Mis mejillas se enrojecen por dos motivos. Uno, porque asumo que terminé vomitando encima de él luego de mi pase de locura temporal. Dos, porque considera que volveremos a beber juntos, lo que no será posible jamás.

—Siento todo esto, de verdad. No esperaba que mi noche de bodas fuera de esta forma.

—No es tu culpa —asegura y me mira por largo rato, al punto de que comienza a incomodarme.

Muerdo mi labio inferior y es la prueba directa de cómo me siento, porque suelo hacerlo cuando estoy nerviosa. Sus ojos se dirijen a mi boca y se quedan ahí por unos segundos de más. Hasta que carraspeo y él desvía su atención de mi rostro.

—Tuve que buscar una camisa en el armario de Dylan, dile que luego se la devuelvo —informa, termina de arreglarse.

Yo me levanto de la cama y asumo que ya querrá irse, aunque no ha hecho amago de tener esa intención.

—Muchas gracias por traerme y por…cuidarme —digo y salgo de la habitación.

No tengo idea qué hora es, pero no quiero malentendidos. Suficiente tengo con saber que estuve profundamente dormida por sabe Dios cúanto tiempo.

—Ya eres de la familia. —Escucho que dice detrás de mí.
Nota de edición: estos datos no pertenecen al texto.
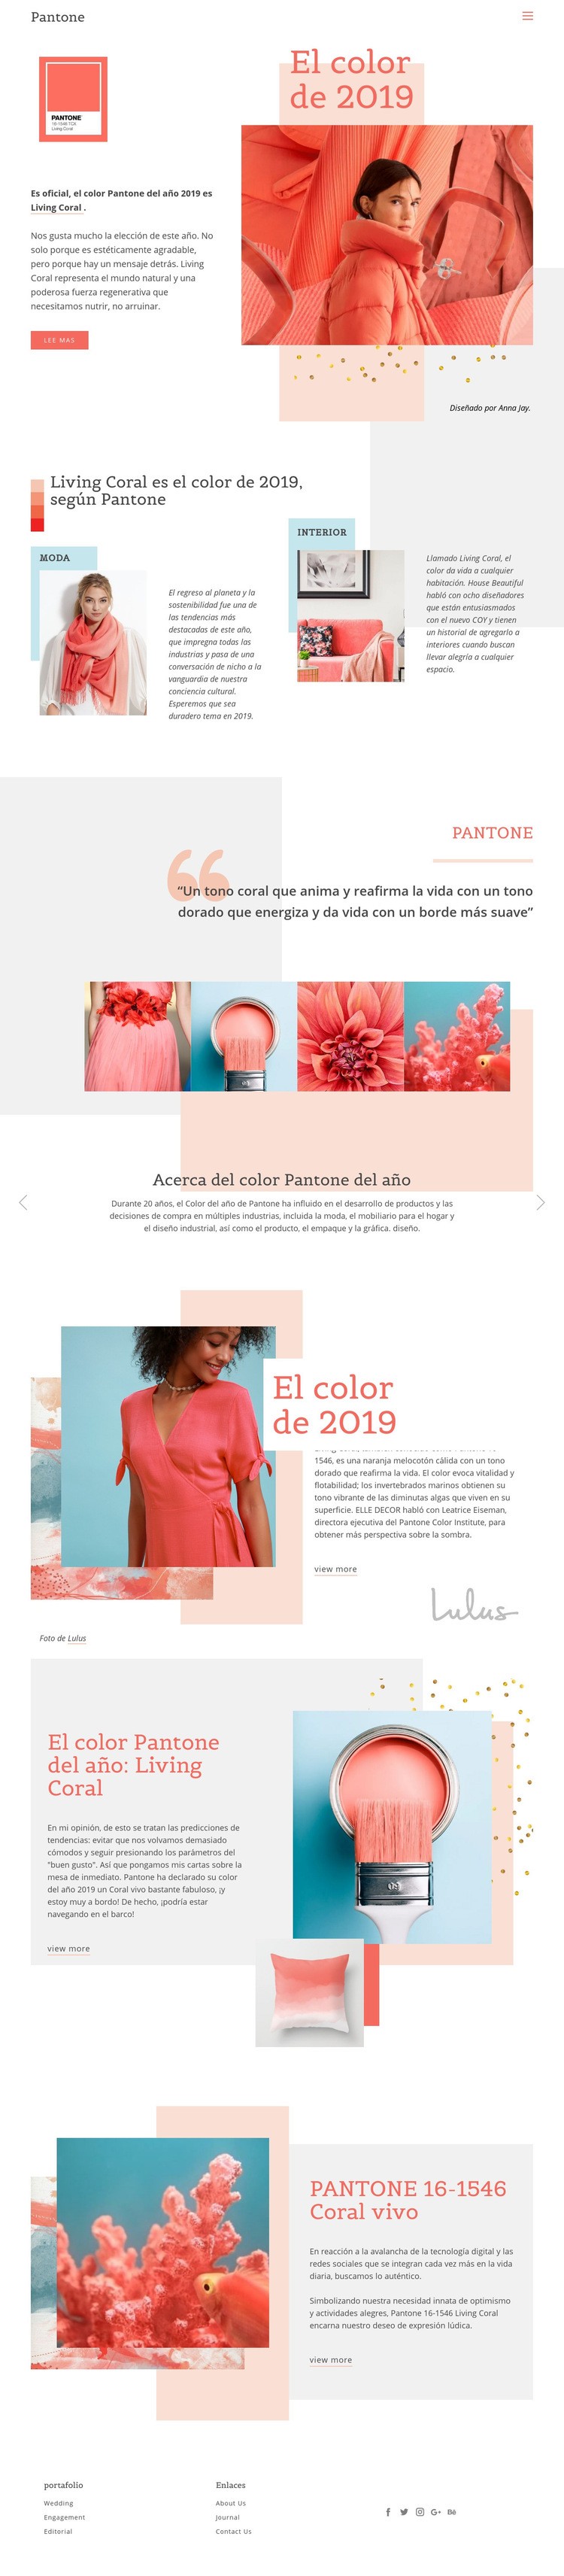 Color de 2019 Plantillas de creación de sitios web

Aguanto el resoplido que me provoca y asiento, solo por quedar bien con él. Avanzamos hasta el salón, donde mis maletas y algunas cajas con cosas personales, adornan el espacio. Pero no me detengo, voy directo a la puerta para evitar que Ryan se quede más tiempo. No quiero problemas y viendo la forma en que Dylan me trató, posiblemente crea que me acosté con su hermano.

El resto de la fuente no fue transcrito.